WHAT TO DO » Once the line with "Sony Metal Master" is found, repeat exactly that line and every one after it until the data below ends, including the last line.

___ GIVEN ENTRIES

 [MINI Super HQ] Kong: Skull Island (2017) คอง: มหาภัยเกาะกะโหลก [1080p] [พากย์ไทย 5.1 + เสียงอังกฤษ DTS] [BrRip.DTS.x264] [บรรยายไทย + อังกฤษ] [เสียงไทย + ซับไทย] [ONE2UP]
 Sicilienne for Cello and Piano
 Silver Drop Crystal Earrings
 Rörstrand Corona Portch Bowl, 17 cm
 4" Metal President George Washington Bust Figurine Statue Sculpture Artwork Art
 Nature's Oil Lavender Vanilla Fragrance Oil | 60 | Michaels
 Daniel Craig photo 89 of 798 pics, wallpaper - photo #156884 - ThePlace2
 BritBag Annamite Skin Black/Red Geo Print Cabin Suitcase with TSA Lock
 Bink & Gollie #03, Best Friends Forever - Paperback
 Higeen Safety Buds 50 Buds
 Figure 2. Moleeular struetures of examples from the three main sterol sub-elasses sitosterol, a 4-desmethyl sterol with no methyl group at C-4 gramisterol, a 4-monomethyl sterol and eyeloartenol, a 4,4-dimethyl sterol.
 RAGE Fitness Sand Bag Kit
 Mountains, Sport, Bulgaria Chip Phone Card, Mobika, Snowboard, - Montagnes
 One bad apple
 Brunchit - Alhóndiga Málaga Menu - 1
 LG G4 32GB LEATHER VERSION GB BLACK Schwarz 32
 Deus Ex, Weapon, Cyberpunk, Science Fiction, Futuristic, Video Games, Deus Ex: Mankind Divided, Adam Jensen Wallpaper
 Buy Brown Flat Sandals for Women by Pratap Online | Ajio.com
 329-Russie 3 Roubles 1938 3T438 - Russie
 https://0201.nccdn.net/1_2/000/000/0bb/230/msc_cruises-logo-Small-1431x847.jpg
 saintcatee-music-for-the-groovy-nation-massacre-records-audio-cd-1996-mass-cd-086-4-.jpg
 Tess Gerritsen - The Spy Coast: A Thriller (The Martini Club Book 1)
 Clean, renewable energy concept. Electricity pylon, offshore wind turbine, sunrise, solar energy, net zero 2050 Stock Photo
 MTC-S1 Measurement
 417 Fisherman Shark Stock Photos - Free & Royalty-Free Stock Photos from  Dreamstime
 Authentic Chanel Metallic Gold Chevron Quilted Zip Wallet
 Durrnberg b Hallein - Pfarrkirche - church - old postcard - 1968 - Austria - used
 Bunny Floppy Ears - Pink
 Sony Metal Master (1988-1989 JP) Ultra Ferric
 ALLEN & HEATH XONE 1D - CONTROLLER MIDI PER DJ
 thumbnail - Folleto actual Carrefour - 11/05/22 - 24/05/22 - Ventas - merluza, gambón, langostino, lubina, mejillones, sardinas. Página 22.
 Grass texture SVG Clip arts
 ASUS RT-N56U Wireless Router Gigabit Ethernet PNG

______

WRITTEN RESPONSE »
 Sony Metal Master (1988-1989 JP) Ultra Ferric
 ALLEN & HEATH XONE 1D - CONTROLLER MIDI PER DJ
 thumbnail - Folleto actual Carrefour - 11/05/22 - 24/05/22 - Ventas - merluza, gambón, langostino, lubina, mejillones, sardinas. Página 22.
 Grass texture SVG Clip arts
 ASUS RT-N56U Wireless Router Gigabit Ethernet PNG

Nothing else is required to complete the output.